In any case, much of your RDF export is not compatible with EBUCore (apologies for not noticing this in the previous review). Looking at the example data from:

http://lod.euscreen.eu/data/EUS_55F569268ACA42B186682960875F862B.rdf

I find the following issues (probably not a complete list):

* The following properties are defined as ObjectProperty in the ontology, but given literal values in the data (relating again to the issue of overuse of literals):
~ hasSubject
~ hasKeyword
~ hasObjectType
~ hasFormat
~ hasGenre
~ hasLanguage
~ hasVideoFormat
~ hasPublicationChannel (aside: if a value is not given, omit the attribute ... don't just give it a blank literal)

* The following properties have a defined range incompatible with how they are used in the data:
~ locator (range anyURI, given plain literal)
~ identifier (range anyURI, given plain literal)

* The property ebucore:topic is used but not defined

The authors still have work to do on their dataset, and (to a lesser extent) on their presentation. Again, the dataset is interesting and the direction is encouraging, but *more attention to detail is needed* for both the paper and the data.

Solicited review by Michael Hausenblas:

The authors have addressed all the issues I've raised and made the paper much more readable, it is ready for publication now.
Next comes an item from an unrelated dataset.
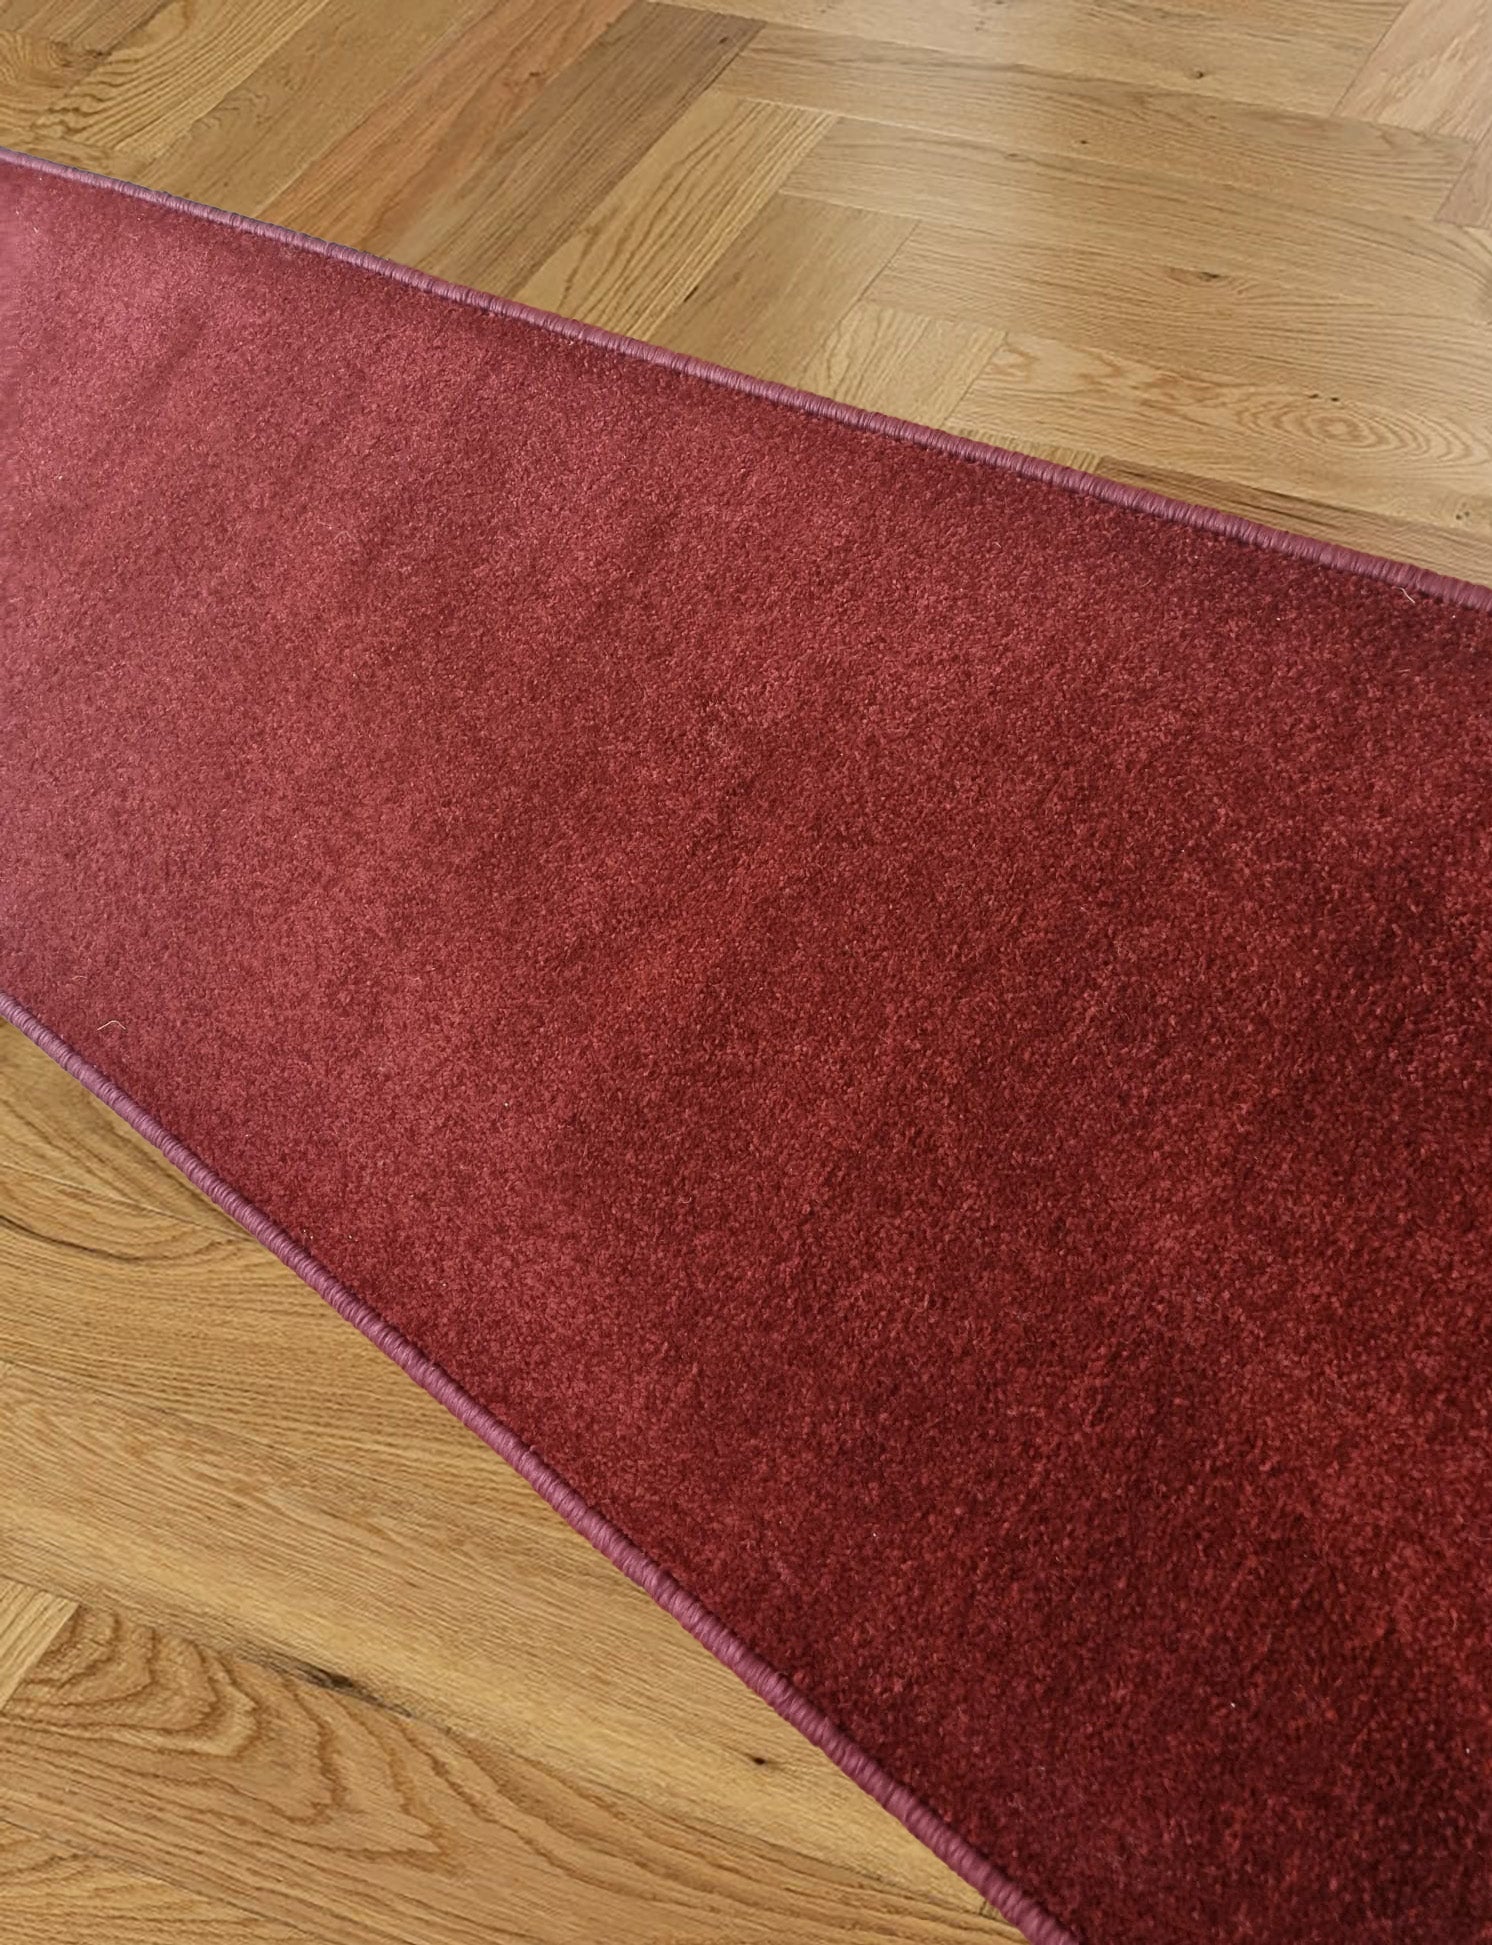 Royal red carpet runner rug, very high quality, hand-made carpet, stain resistant

Solicited review by Emanuele Della Valle:

The paper has largely improved in content and form. I recommend the authors to address the following minor issues before accepting it:
- links in-line in the text may be replaced by footnote. For instance, instead of writing "European (http://www.europeana.eu/)" the authors may add a footnote of the form "See http://www.europeana.eu/ September 18, 2012."
- on the left column of page two, the authors refer to a project survey and some reports. They are not available on the project website (http://euscreen.eu/). The authors should either avoid referring to them or should make them available and add appropriate references.
- Figure 1 is little informative. The authors may instead show a high level representation of EBU Core (e.g., figure 2 in http://tech.ebu.ch/docs/tech/tech3293v1_3.pdf)
- a direct link to EBU Core (http://tech.ebu.ch/lang/en/MetadataEbuCore), EBU Core ontology (http://www.ebu.ch/metadata/ontologies/ebucore/) and MAWG (http://www.w3.org/2008/WebVideo/Annotations/) should be added; the readers should not have to dig them out of the Web on their own.
- in Figure 2, baseURI should be replaced by lod.euscreen.eu
- the link to the google doc should be replaced by a reference to a project deliverable (see also the first comment in this list)
- how many links to DBpedia were added? 1365 (as written in the left column of page 5) or 1490 (as written in Table 1)?
- the sparql endpoint may be placed under lod.euscreen.eu
- the example SPARQL query may be replaced by the following federated query that shows the value of the linking
PREFIX ebu:
PREFIX dbp:
PREFIX dbp-onto:
SELECT ?video ?actor
WHERE {
SERVICE
{ dbp:James_Bond dbp-onto:portrayer ?actor }
SERVICE
{ ?video ebu:mentionedPersonInSummary ?actor }
}
- in the conclusion section, the following three statements appear weak; consider rethinking them:
- "However having in mind that the type of content served by EUscreen is European television programmes, we can say that its size is significant." -- why?
- "The reason why we preferred to keep the original values from metadata creating literals was because we did not want to destroy or lose this information." -- why? most of the values can be captured by ontological instances. For instance "Stero" --> ":stero", "Colour" --> ":colour", etc.
- "we intend to upgrade the existing triplestore with one that supports federated SPARQL queries" -- why?

First-round reviews:

Solicited review by Aidan Hogan:

This paper presents ongoing efforts to expose metadata about European television heritage as Linked Data. The metadata describe various programmes selected as being relevant to significant 20th Century European historical events. As part of the EUscreen project, content providers select relevant programmes and upload them along with metadata offering information about title, series title, language, genre, subject, etc. Metadata is uploaded to the "MINT" service in (standard) XML or CSV format, which allows for various editing and transformation steps. The current paper proposes taking these metadata in XML format and converting them to RDF using the EBUCore ontology to model the output. A Linked Data platform is then built using dereferenceable naming schemes. Countries mentioned in the metadata have been linked to DBpedia. In total, 22,190 programme resources are currently described, with a total of 114,142 including related resources. 4store is used to host the data.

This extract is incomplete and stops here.